The protagonist begins chapter five full of hope, ready to embrace change and harbouring a naivete that is a left over from their past. For the protagonist chapter five is meant to be the happily ever after chapter where they can settle into life, but life has other plans.

The characters that the protagonist comes to know in chapter five challenge their way of thinking and perspective, and conversely the protagonist challenges those that they meet. All these differences are a mark of each individual’s character causing all concerned to dig their heels in. A lot will unfold, important things will happen, but I want to write it as matter-o-fact. Big things happen in life for all of us and a lot of the time it’s not until later that we realise the significance of happenings in our lives. That’s what chapter five is about, big decisions, big reactions, big moves. Responses and reactions in life tell us about who we are and show us who those around us are. Important events can lift a veil that we didn’t know was there and this is the underlying driver in chapter five.

Some of the big events may spill over into chapter six, the writing of this chapter will reveal if I need to spread out the narrative to cover more ground; I certainly don’t want to cram things into one chapter for convenience. The story needs room to breathe and unfold.

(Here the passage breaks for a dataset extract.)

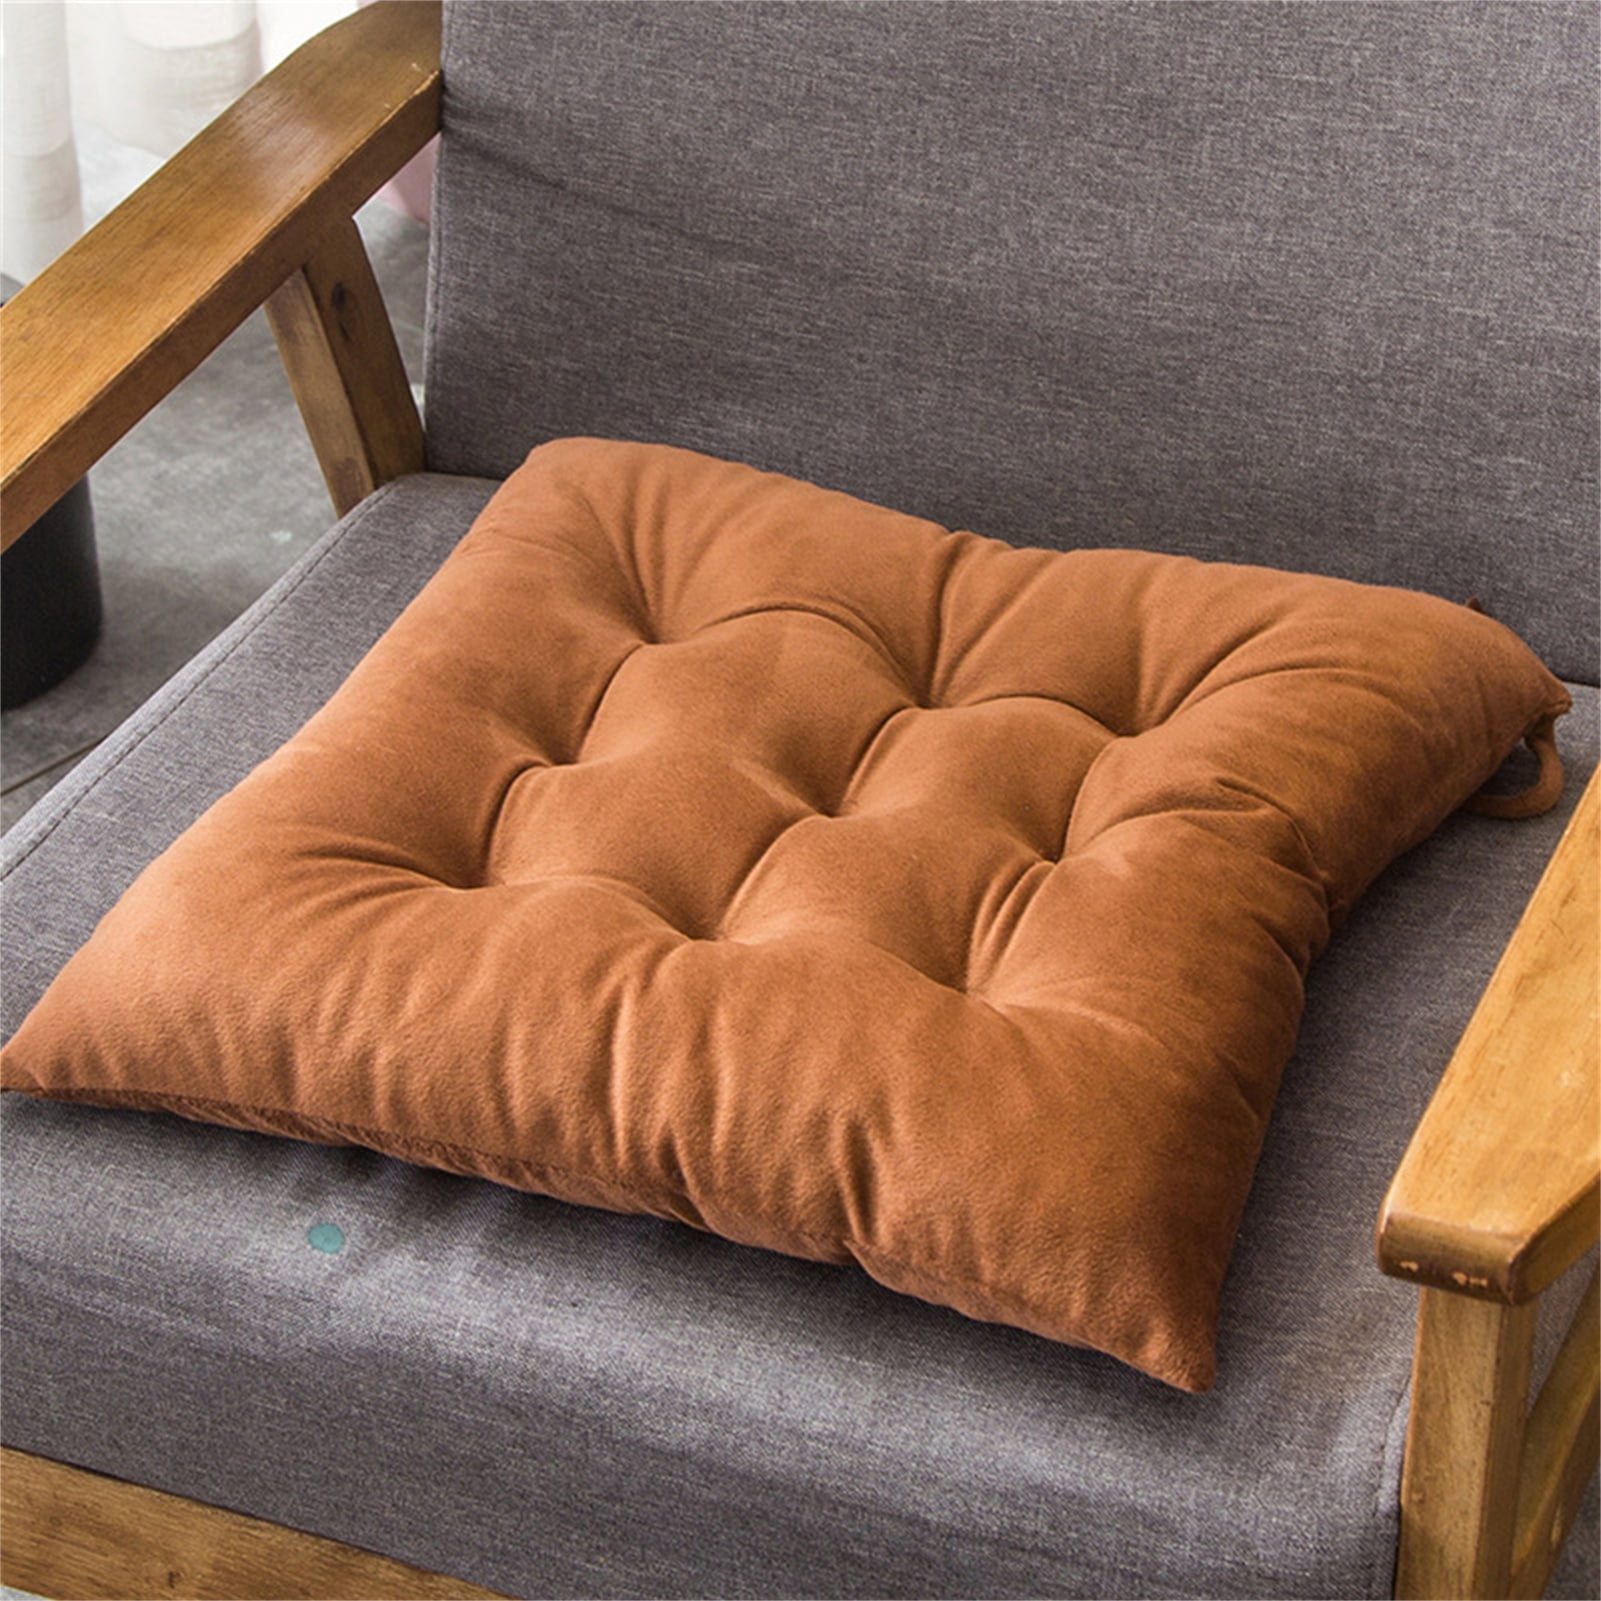 Hesroicy Chair Seat Cushion 15.7 Nonslip Soft Thick Square Plush
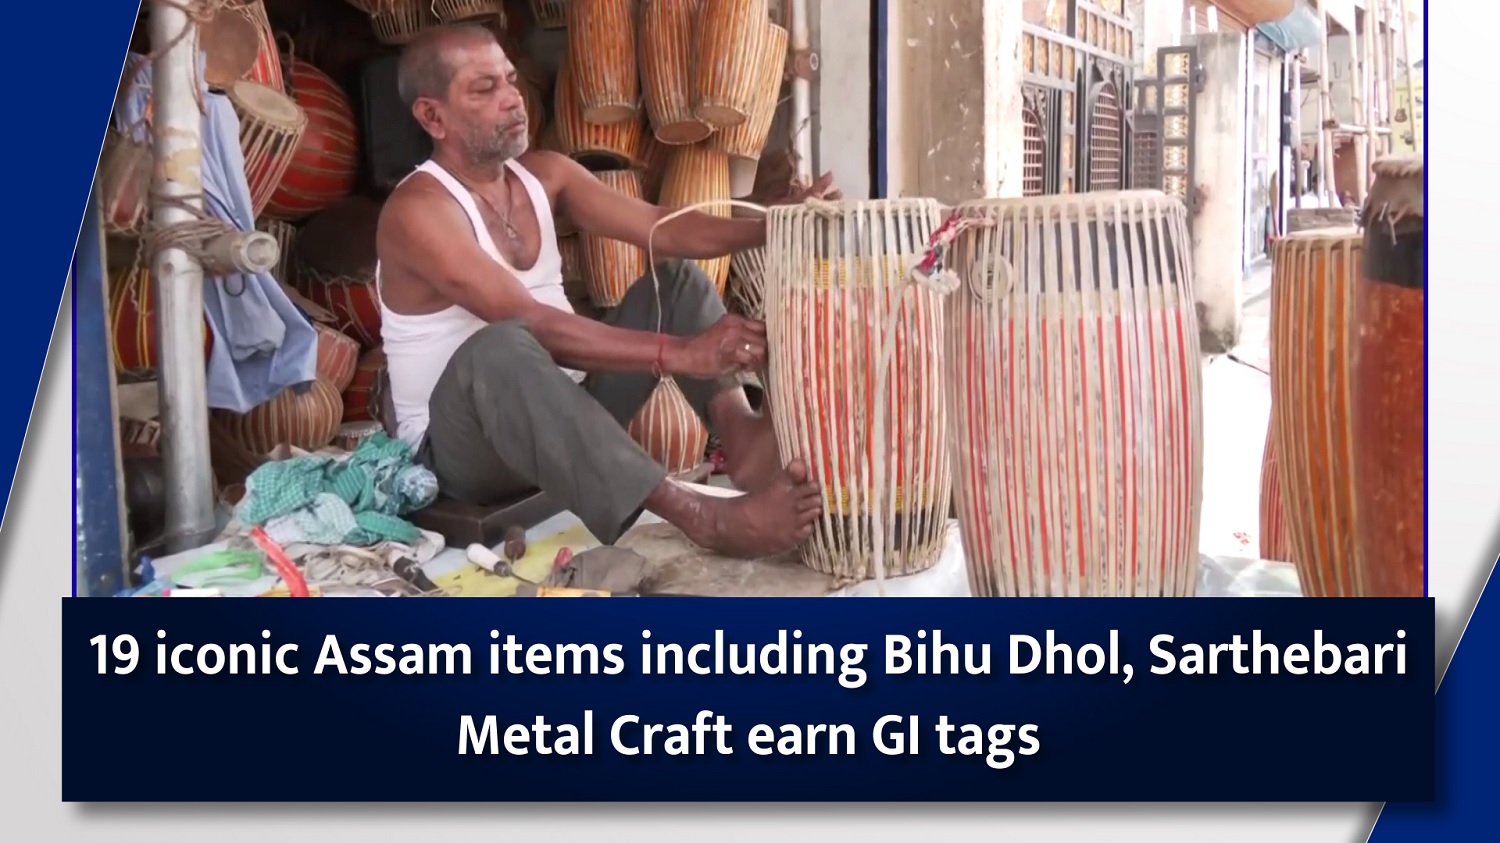 19 iconic Assam items including Bihu Dhol, Sarthebari Metal Craft earn GI tags

The next few chapters I have written parts of in the past and I will work these pieces of writing in with new work as I go. Working in this way is slow at times as I stop and start to accommodate what I want to include along with what I newly create. It’s helpful for me to keep this in mind as the slow progress can be hard to push through at times but I have found the results, being how much work I get done, worth it.

A wee epiphany

I dropped the ball there for a few days but not for lack of trying to keep it in play. No excuses, just the facts, I’ve been busy with other things. Time for writing has become sparse, it is not non-existent though. I have written, I’ve crossed the halfway mark in chapter four nearing 3000 words. The pressure of less time made my last sitting to write seem easier than the ones before. In the meantime my challenges writing this chapter have been playing on my mind causing me to have a wee epiphany. I kept cycling over where I was up to and what I had written and kept thinking that I had missed something. Then it came to me. Motivation, my protagonist’s drive that is beyond words. The unspoken subtext, thoughts, comparisons, and the self-referencing that all of us experience, that forces our hand in life. Why does anybody do anything? Because they can is a likely answer but there are many other unfathomable reasons as to why choices are made. Personal, subconscious and determined by an individual’s origins.

With this in mind I went back over what I had written in chapter four to date and added symbolism, imagery and small happenings that addressed ‘the why’ or motivation in an indirect way. The subtext is as important as the text.

I didn’t add big sections or seek to make the profound out of the simple. I wanted to weave an extra thread through the fabric of the story to bring it all together as a whole piece. My intention was to stick with the ‘less is more’ ethos but it did need a little more.

A new character has been introduced to the story and the protagonist which is a turning point that foreshadows what is to come. Writing that I had done previously on this moment of meeting has worked in nicely with what I have newly written in. Leading up to this new character has taken the protagonist, along with my imagination, into a new realm of the story. The gears are shifting in my creative process.

The next few chapters have large sections already written that I will pull apart to re-edit in with new work. This is playing on my mind as a distraction; anticipating what is to come detracts from where I am at. Knowing this is helpful to acknowledge when I am distracted jumping ahead with ideas and maybes instead of being focused.

So back to keeping the ball in play.

I’ve got to keep my mind on the ball and my eye on the game, or something like that.